Dans une tribune publiée dans le journal Le Monde, la chercheuse en science de gestion, Sandra Laporte, explique la raison pour laquelle le surpoids et l’obésité touchent surtout les sociétés les plus inégalitaires.

La pandémie actuelle a accentué les risques de santé associés au surpoids. En effet, selon l’OMS, la moitié des patients en réanimation souffrait d’obésité. « Dans les sociétés développées, le surpoids et l’obésité touchent particulièrement les plus pauvres car la nourriture calorique procure un réconfort émotionnel pour faire face au stress », explique Sandra Laporte, chercheuse en science de gestion*. « Les résultats de nos expériences mettent en évidence le fait que le sentiment d’être plus pauvre que son entourage, autrement dit l’insatisfaction financière provoquée par des inégalités sociales évidentes, suffit à déclencher un désir d’aliments très caloriques », peut-on lire dans sa tribune au Monde.

« Ce phénomène psychologique méconnu peut expliquer la prévalence particulièrement élevée de l’obésité dans les sociétés inégalitaires, en particulier celles où l’argent des plus nantis s’expose en permanence aux yeux de tous, notamment par les médias et les médias sociaux », poursuit Sandra Laporte.

La chercheuse en science de gestion a même organisé une expérience sur le sujet. Au cours de celle-ci, un échantillon de participants était mis dans une situation dans laquelle l’argent dont ils disposaient était d’un montant inférieur à leurs pairs. Dans les deux cas, des plats leurs ont été offerts et de manière récurrente, ceux qui étaient en « insatisfaction financière » ont exprimé une préférence pour les options les plus caloriques.

Mais pourquoi ?

Pour Sandra Laporte, il s’agit d’un réflexe issu de l’évolution de l’espèce humaine. « La perception d’avoir moins que les autres pousse à accumuler des réserves pour faire face aux mauvais jours », peut-on lire sur sa tribune au Monde.  Elle prend ainsi pour exemple les Etats-Unis. « Un des pays les plus inégalitaires au monde selon l’index statistique de Gini (…).
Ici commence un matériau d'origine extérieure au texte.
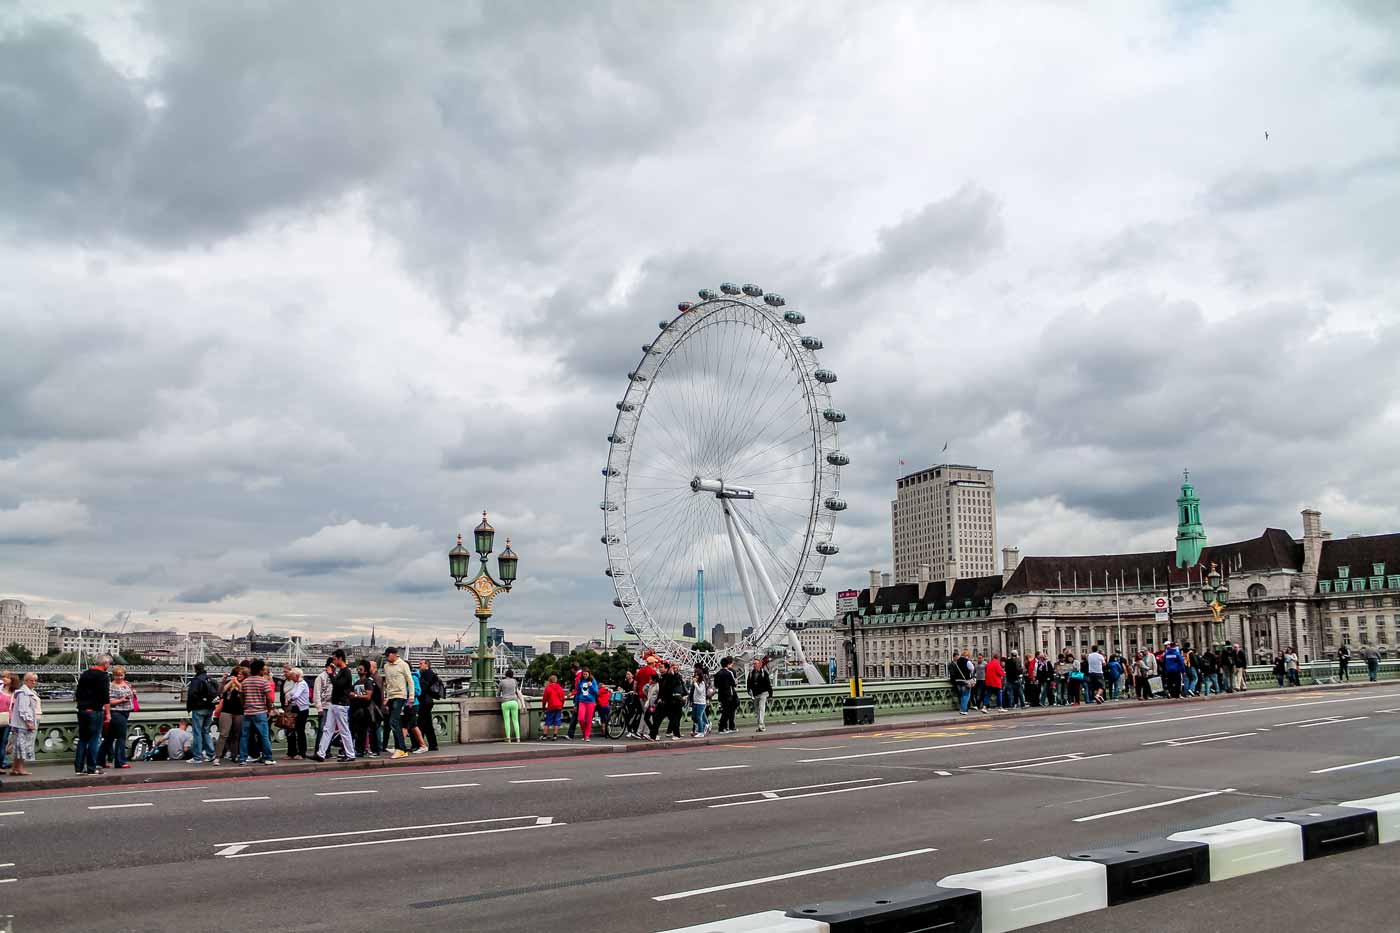 Roda gigante London Eye - Pontos turísticos de Londres

Des travaux récents menés dans l’Etat de New York ont mis en évidence la prévalence particulièrement forte de l’obésité dans des zones géographiques caractérisées par des inégalités extrêmes », analyse cette dernière.

Dans le pays, « l’explosion des inégalités qui caractérise l’histoire économique américaine des cinquante dernières années, combinée à la comparaison sociale permanente qui sévit sur les réseaux sociaux, a pu contribuer à l’aggravation continue d’un phénomène très alarmant pour la santé publique », souligne également Sandra Laporte avant d’ajouter « L’impact des inégalités sociales sur la santé est considérable de manière générale. Ainsi, l’espérance de vie moyenne d’un américain est aujourd’hui inférieure de quatre ans à celle d’un individu évoluant dans une société plus égalitaire, comme la France ».
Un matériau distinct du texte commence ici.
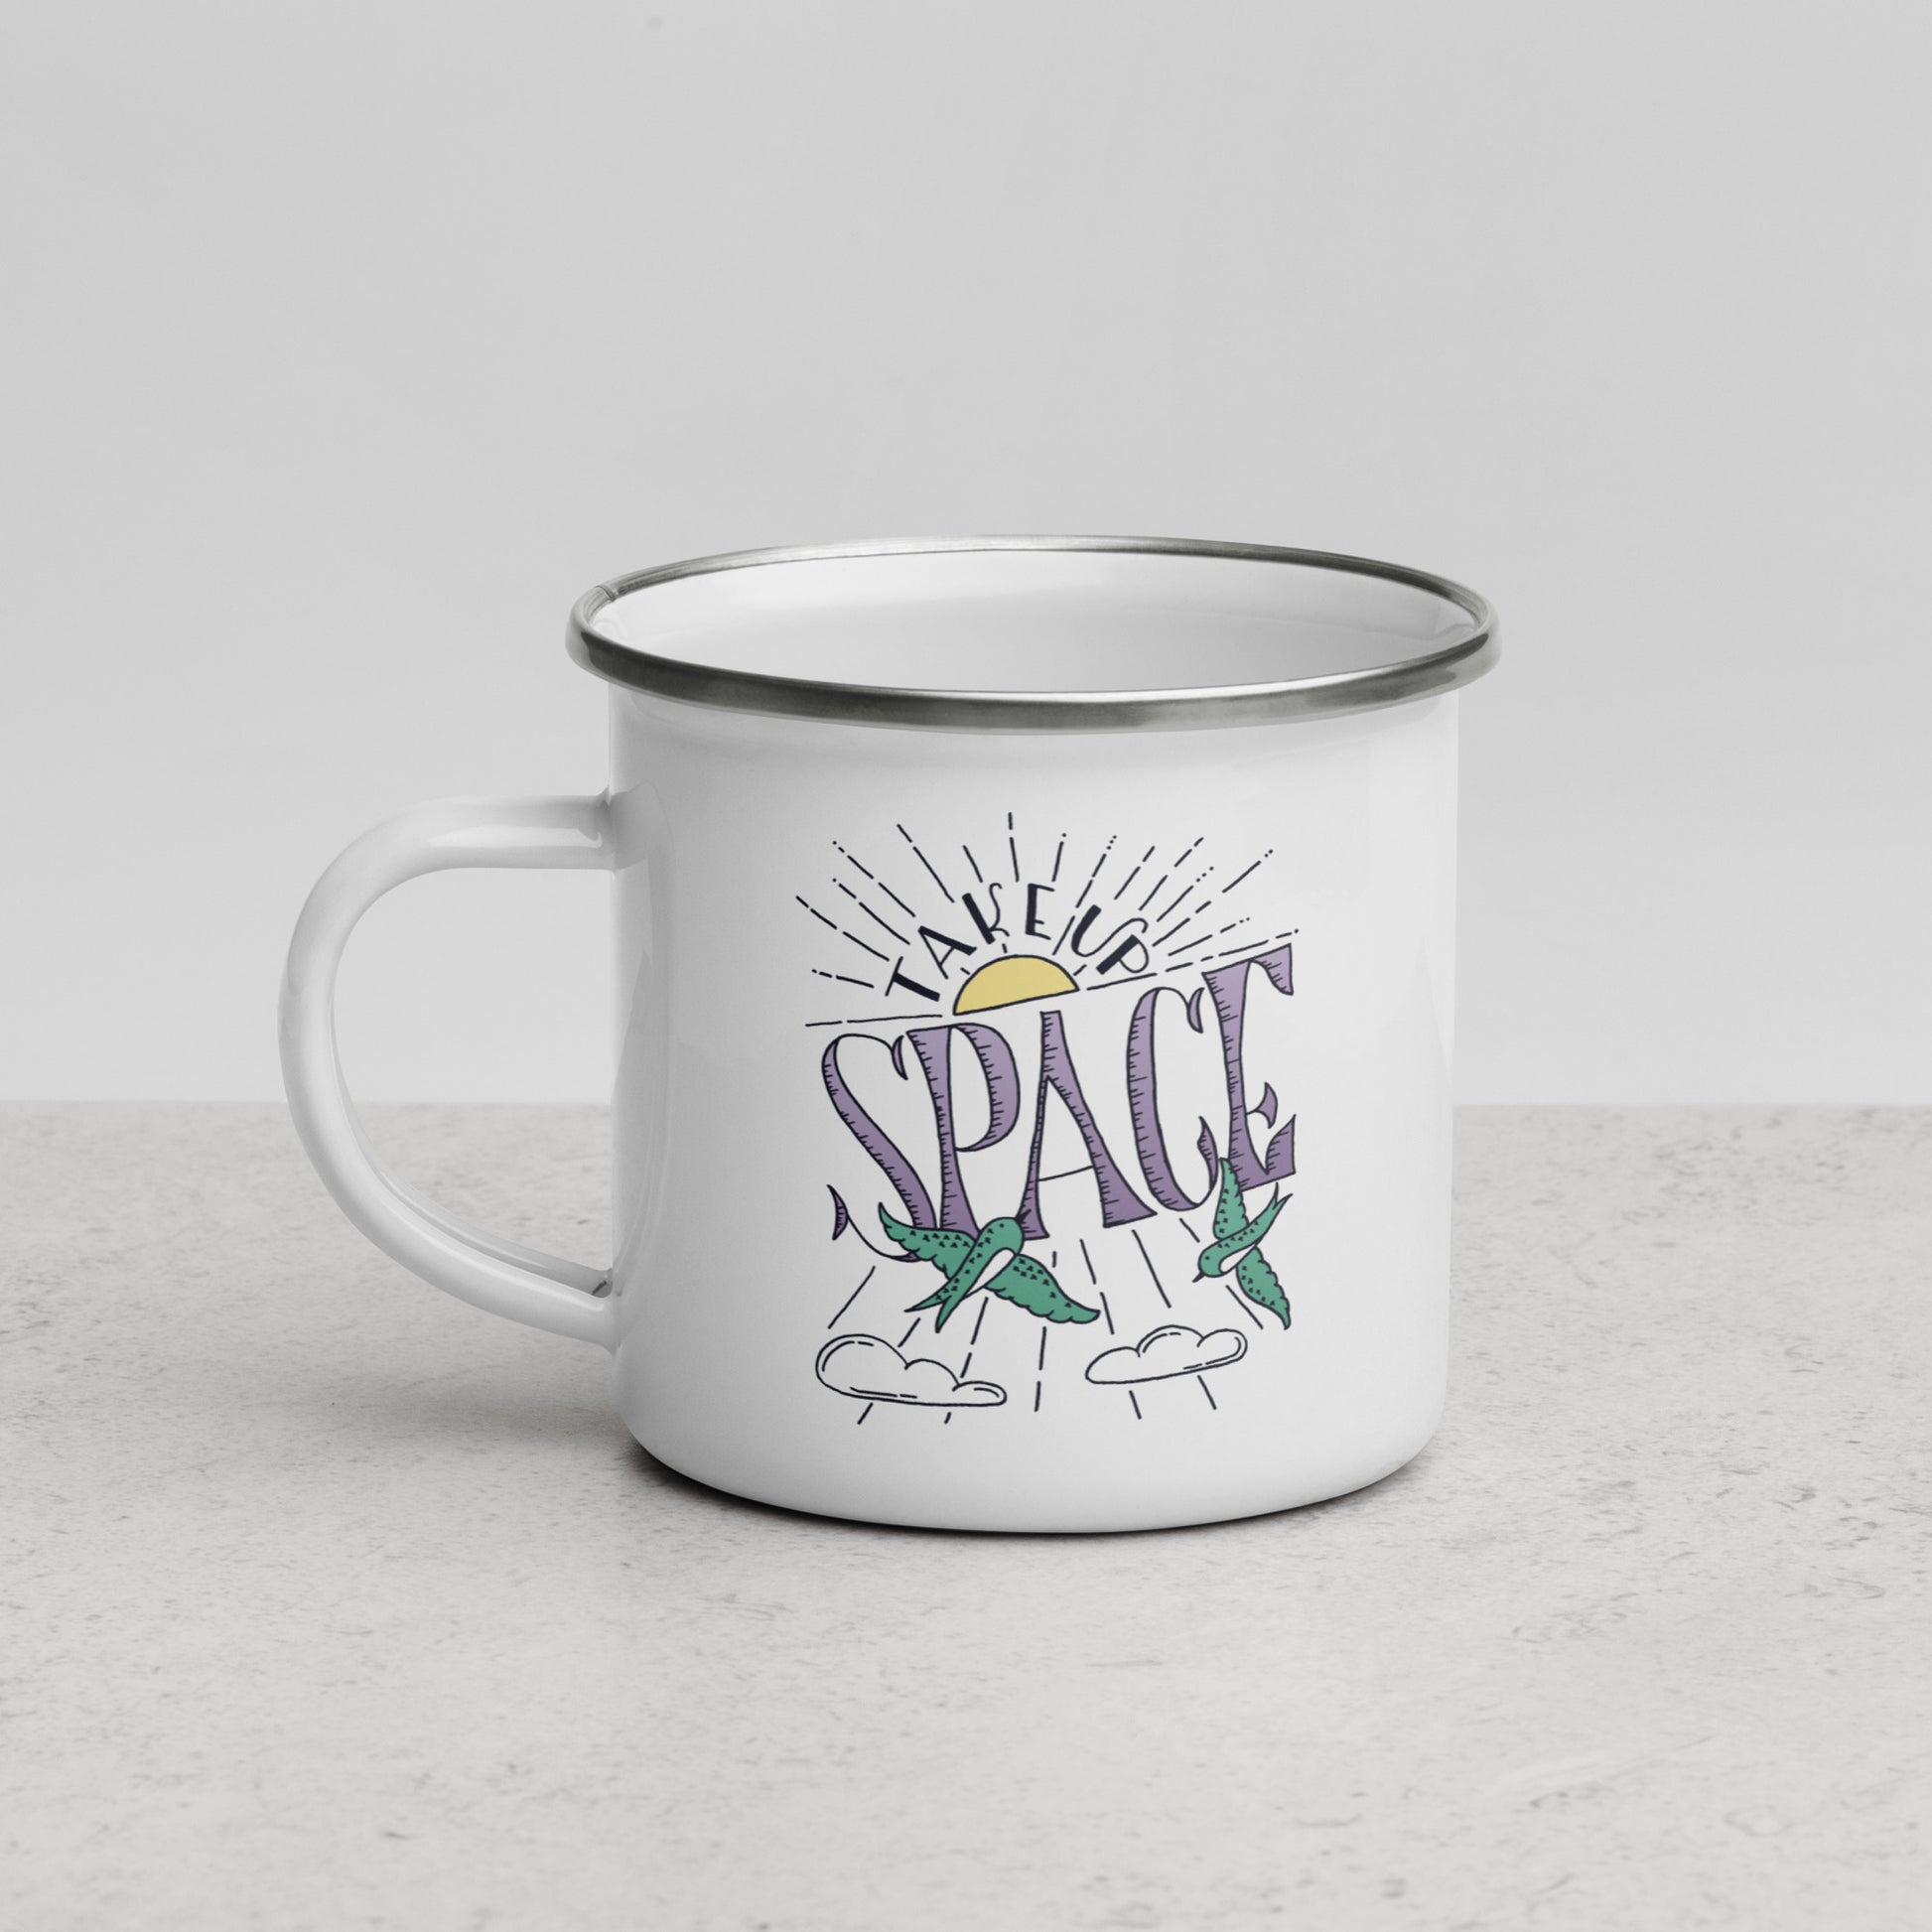 Take Up Space | Enamel Mug.

Informer les consommateurs des calories est contre-productif

La chercheuse en science de gestion souligne ainsi qu’il est contre-productif de dissuader les individus en insatisfaction financière en les informant des calories excessives. Pour cette dernière « une approche contre-intuitive, mais qui mérite d’être testée, consisterait plutôt à vanter le caractère particulièrement nourrissant d’aliments alternatifs à très haute valeur nutritive, qui pourraient remplacer avec profit la « junk food », trop riche en sucre et en gras ».

* A Wallet Full of Calories : The Effect of Financial Dissatisfaction on the Desire for Food Energy », Sandra Laporte et Barbara Briers, « Journal of Marketing Research » n° 50/6, décembre 2013.